Сегодня неожиданно удалось мне сделать очень приятную прогулку: вчера еще приезжал ко мне станичный казак из Кучумихи и звал к своей матери, будто бы разбитой параличом. По настоятельной его просьбе я сегодня с ним туда съездил и, к счастию, нашел, что у этой женщины не паралич, а спячка (syncope),[1261] стало быть, болезнь не опасная; вдобавок любовался прекрасным местоположением этой деревушки и радушно был угощен самым зажиточным из ее жителей.

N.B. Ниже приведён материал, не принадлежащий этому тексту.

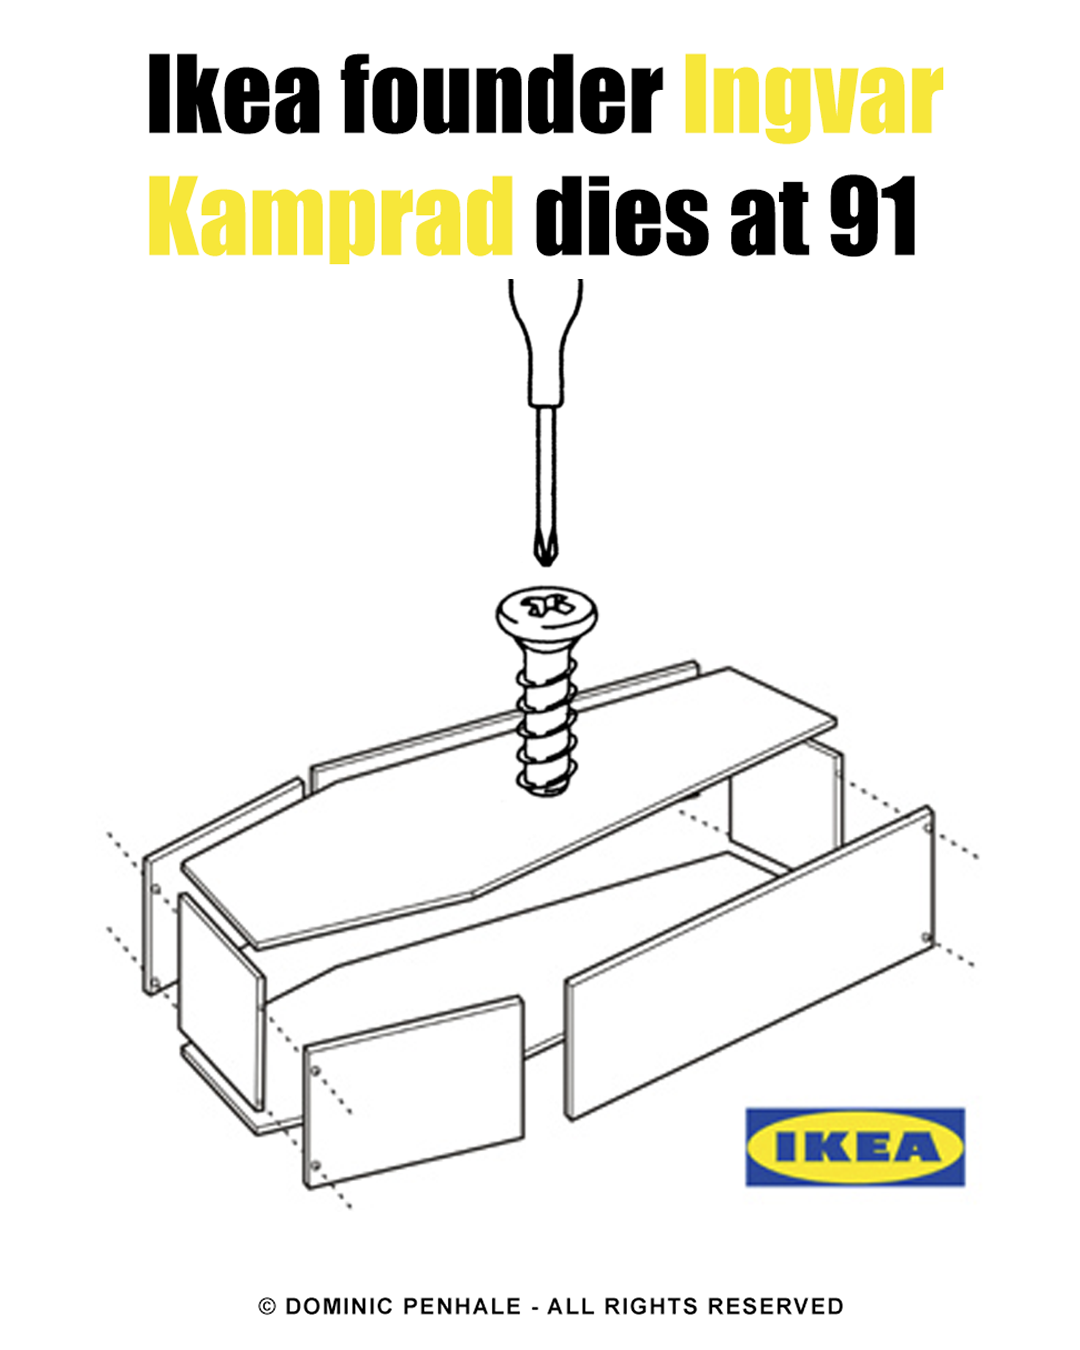 Dominic Penhale - Ikea Founder Dies.png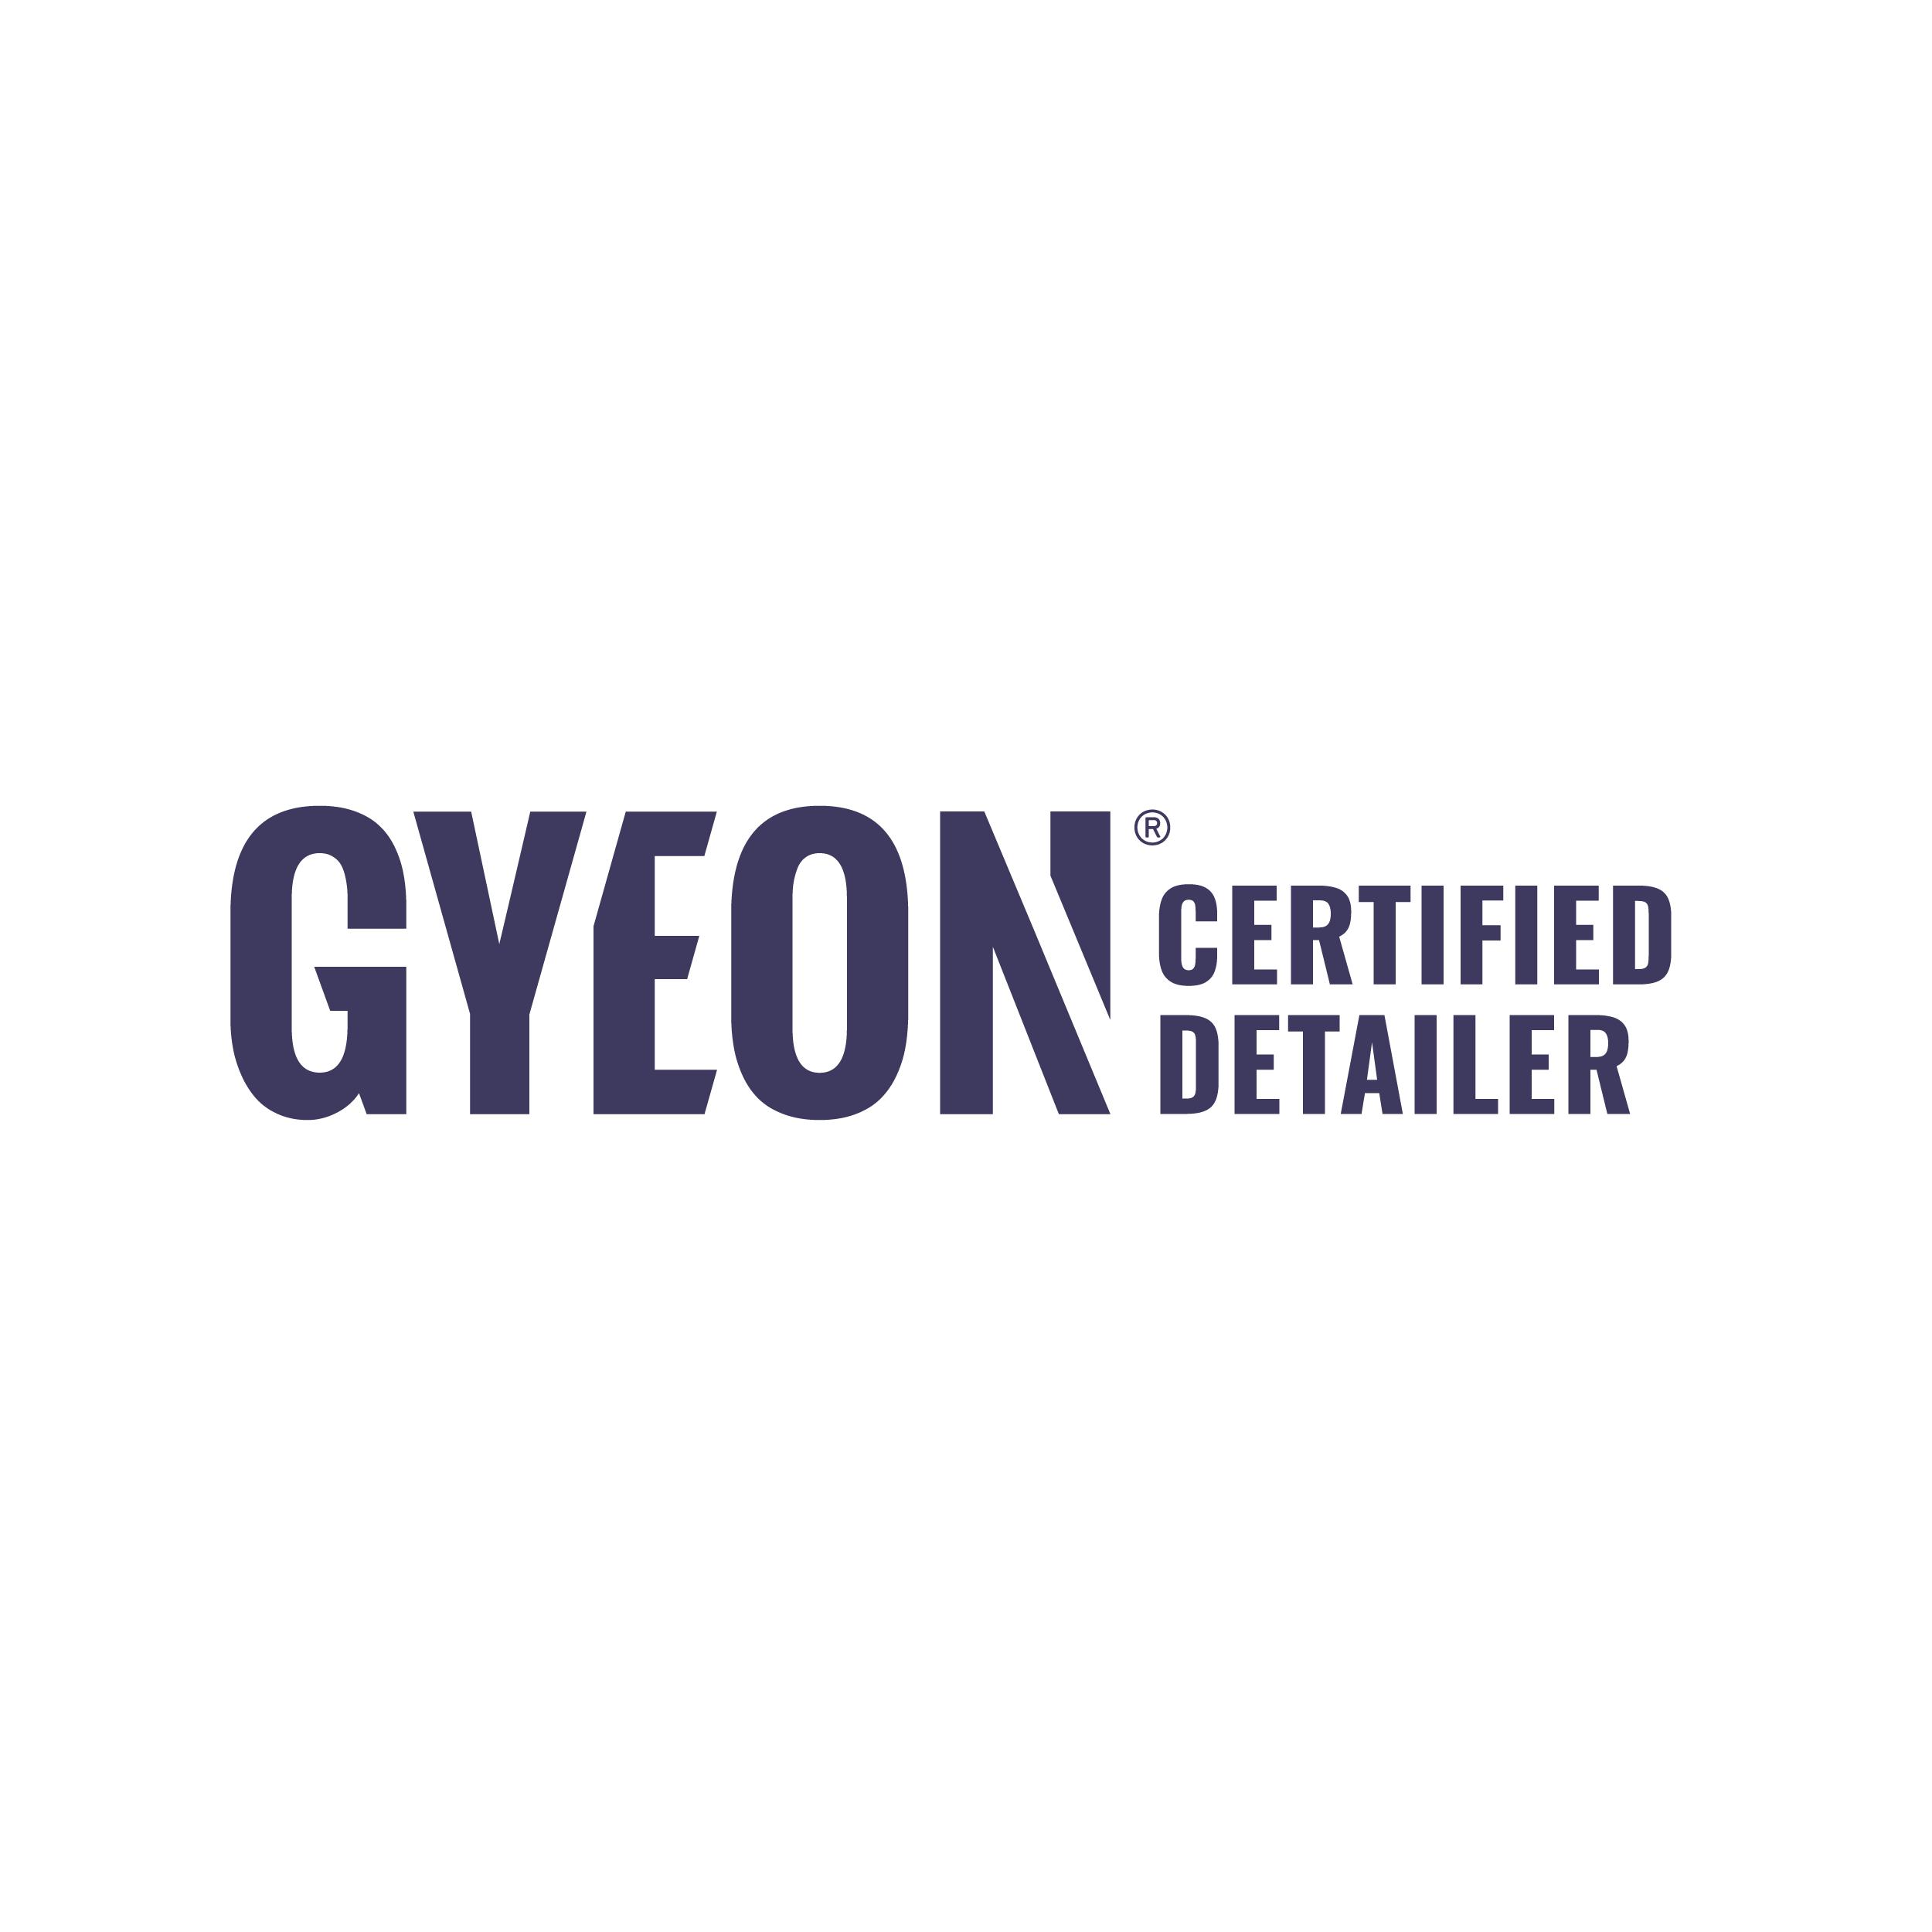 GYEON_certnew_logo_2020-01

Приехал Дрейер[1262] и привез мне назад из Селенгинска мои книги и рукописи да письма от Бестужевых: письмом Николая я не очень доволен, особенно досадны commerages[1263] Орлова.
После очень и очень неприятного вчерашнего дня я сегодня веселился, как ребенок. Истомин для нас затеял un petit bal de famille et imaginez vous,[1264] я, старый хрыч, плясал без отдыху кадрили, мазурки, вальсы и бог знает что еще, разумеется, путал фигуры как нельзя лучше; но, право, мы более веселились, чем на ином чопорном городском настоящем балу.
Были у меня гости. Поутру священник служил у меня молебен, а потом кушали чай и закусывали Наталья Алексеевна с семейством, Дрейер и Татьяна Ивановна с сыном.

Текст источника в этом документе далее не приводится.